The pastor asked if anyone in the congregation would like to express praise for answered prayers.

Suzie Smith stood and walked to the podium.

She said, “I have a praise.  Two months ago, my husband, Phil, had a terrible bicycle wreck and his scrotum was completely crushed.  The pain was excruciating and the doctors didn’t know if they could help him.

You could hear a muffled gasp from the men in the congregation as they imagine the pain that poor Phil must have experienced.

“Phil was unable to hold me or the children,” she went on, “and every move caused him terrible pain.”  We prayed as the doctors performed a delicate operation, and it turned out they were able to piece together the crushed remnants of Phil’s scrotum, and wrap wire around it to hold it in place.

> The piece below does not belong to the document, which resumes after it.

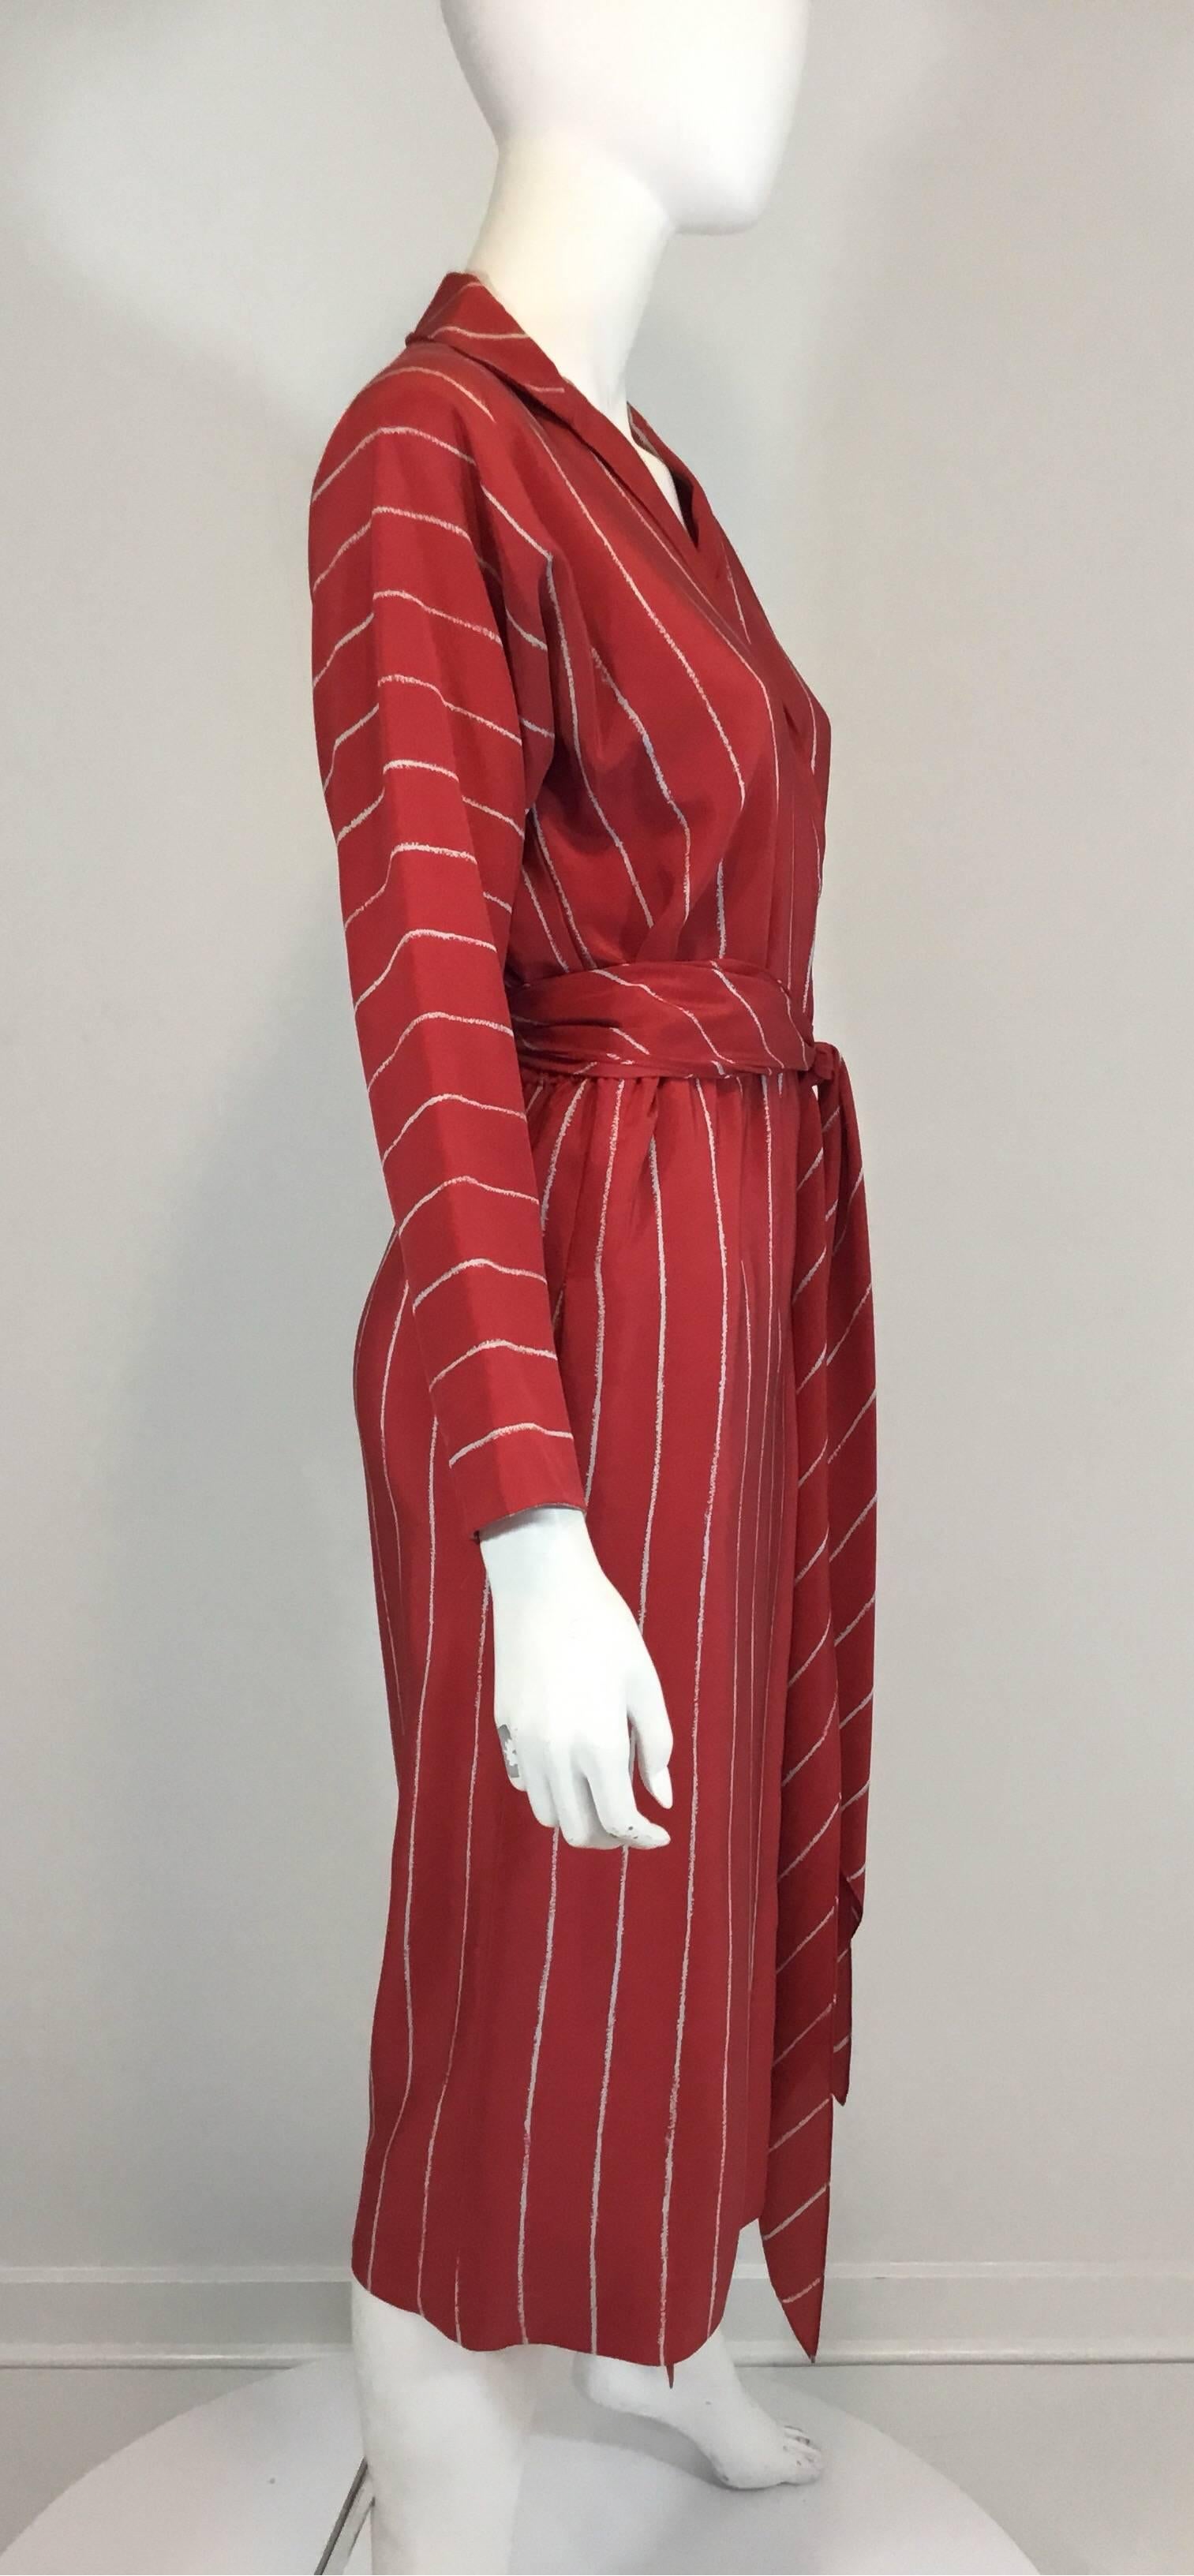 Vintage Halston Seiden-Wickelkleid mit durchgehendem rot-weißem Streifenmuster, Haken- und Ösen- sowie Druckknopfverschluss an der Taille und optionalem Taillengürtel/Schärpe. Das Kleid ist komplett gefüttert und hat Schlupftaschen an der Taille.

Again, the men in the congregation cringed and squirmed uncomfortably as they imagined the horrible surgery performed on Phil.

“Now,” she announced in a quivering voice, “thank the Lord, Phil is out of the hospital and the doctors say that with time, his scrotum should recover completely.

All the men sighed with unified relief.  The pastor rose and tentatively asked if anyone else had something to say.

A man stood up and walked slowly to the podium. 

He said, “I’m Phil.” The entire congregation held its breath. 

“I just want to tell my wife that the word is sternum.”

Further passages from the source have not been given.